Some of the poem titles evoke actual landscapes and moments of time, suggested by nothing more than the simple form of a single branch and flower. 'Lone Goose Calling to the Moon', 'New Lily Pads in Pouring Rain', 'Crow Landing on a Tree in Winter...' Poem 78 in the sequence is called 'Clouds Sweeping Distant Mountains'. Looking at the accompanying image (left), I can start to see it. Through this visual metaphor Sung's plum blossom becomes a kind of landscape drawing.
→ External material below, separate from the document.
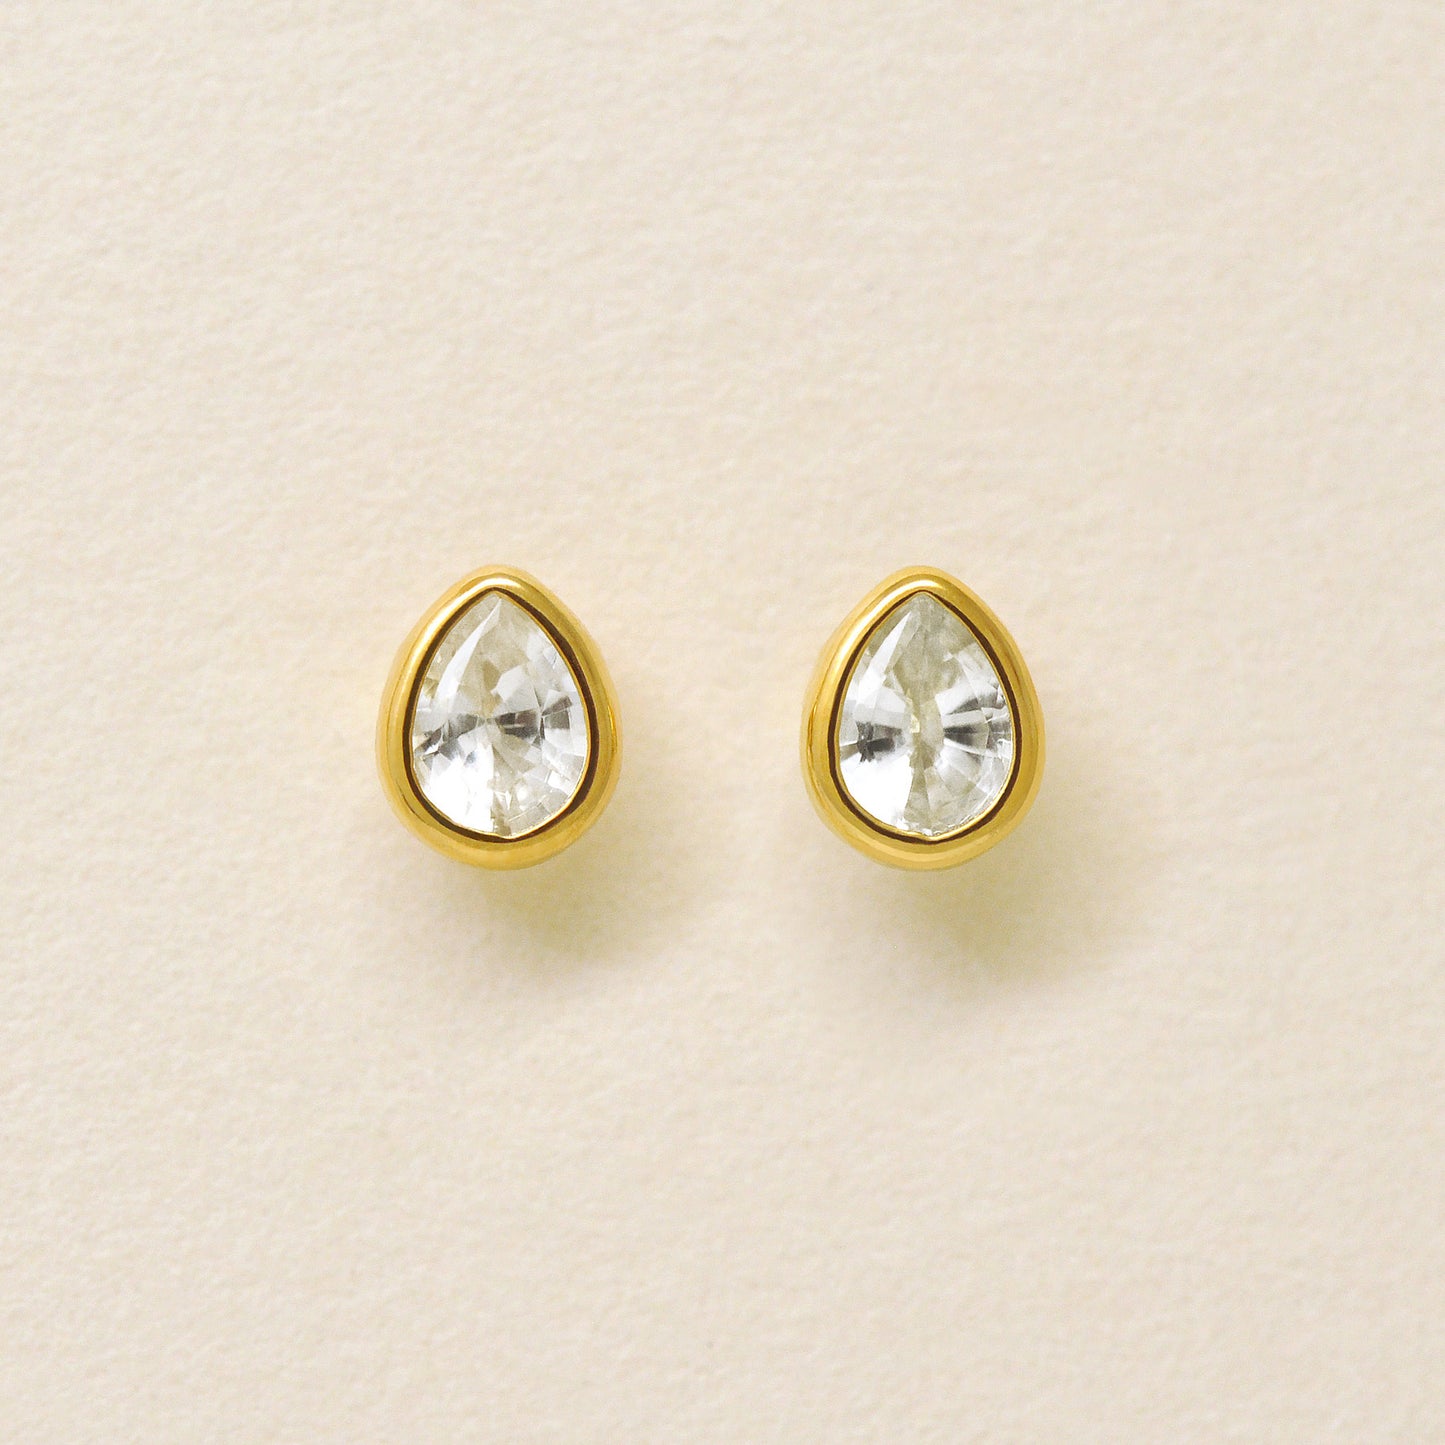 [Second Earrings] 18K Yellow Gold White Sapphire Drop Earrings - Product Image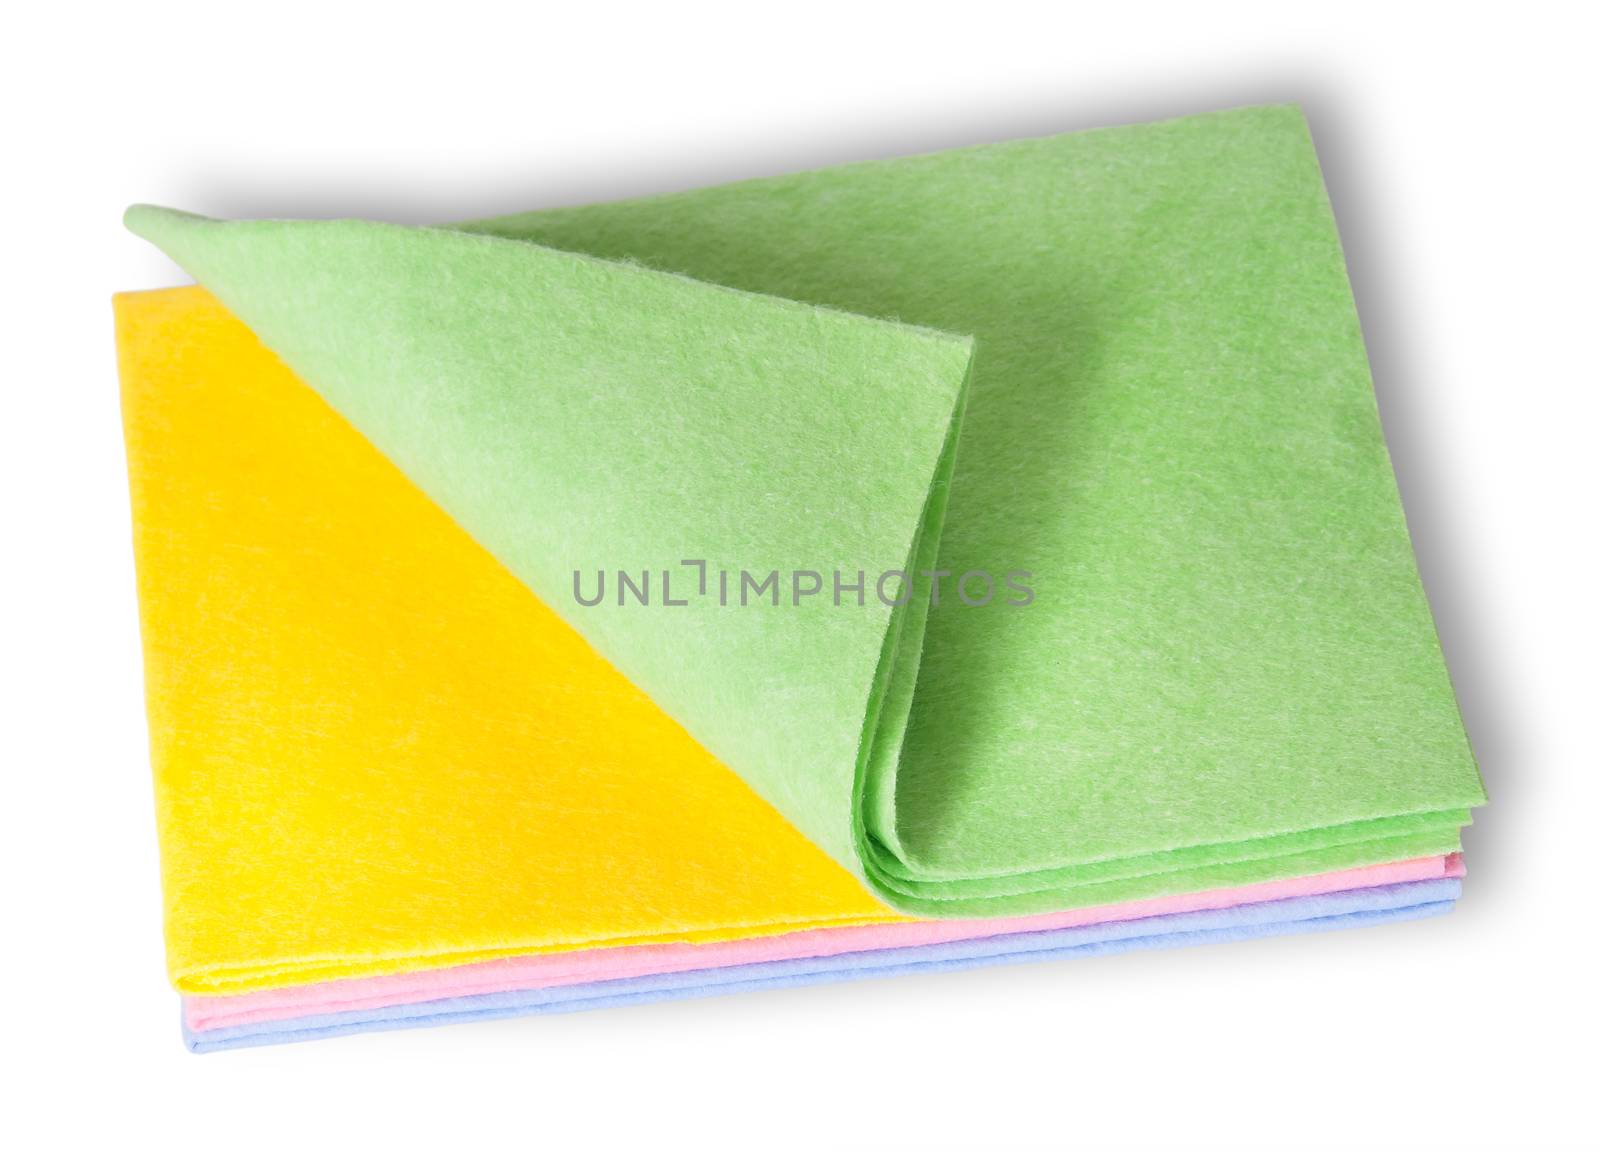 Multicolored cleaning cloths folded on top isolated on white background

The four lines of 'Clouds Sweeping Distant Mountains' each recall other the words of other poets. The first pictures clouds 'aimlessly rolling out of mountain caves' and refers to something T'ao Yuan-ming wrote (I mentioned T'ao last month in my post about We Ying-wu). The second, 'one wave and the slopes are gone' quotes a contemporary poet, Huang Keng, whose 'Evening Stroll in the West Garden in Spring', describes the disappearance of a mountain at sunset. The third refers to to a Tu Fu poem on the changeability of the sky: 'a turn of the hand and the clouds appear / another turn and they become rain'. And the last line, which mentions the 'demon of drought', is derived from 'River of Clouds', a poem in the earliest collection Chinese poetry, the Book of Songs.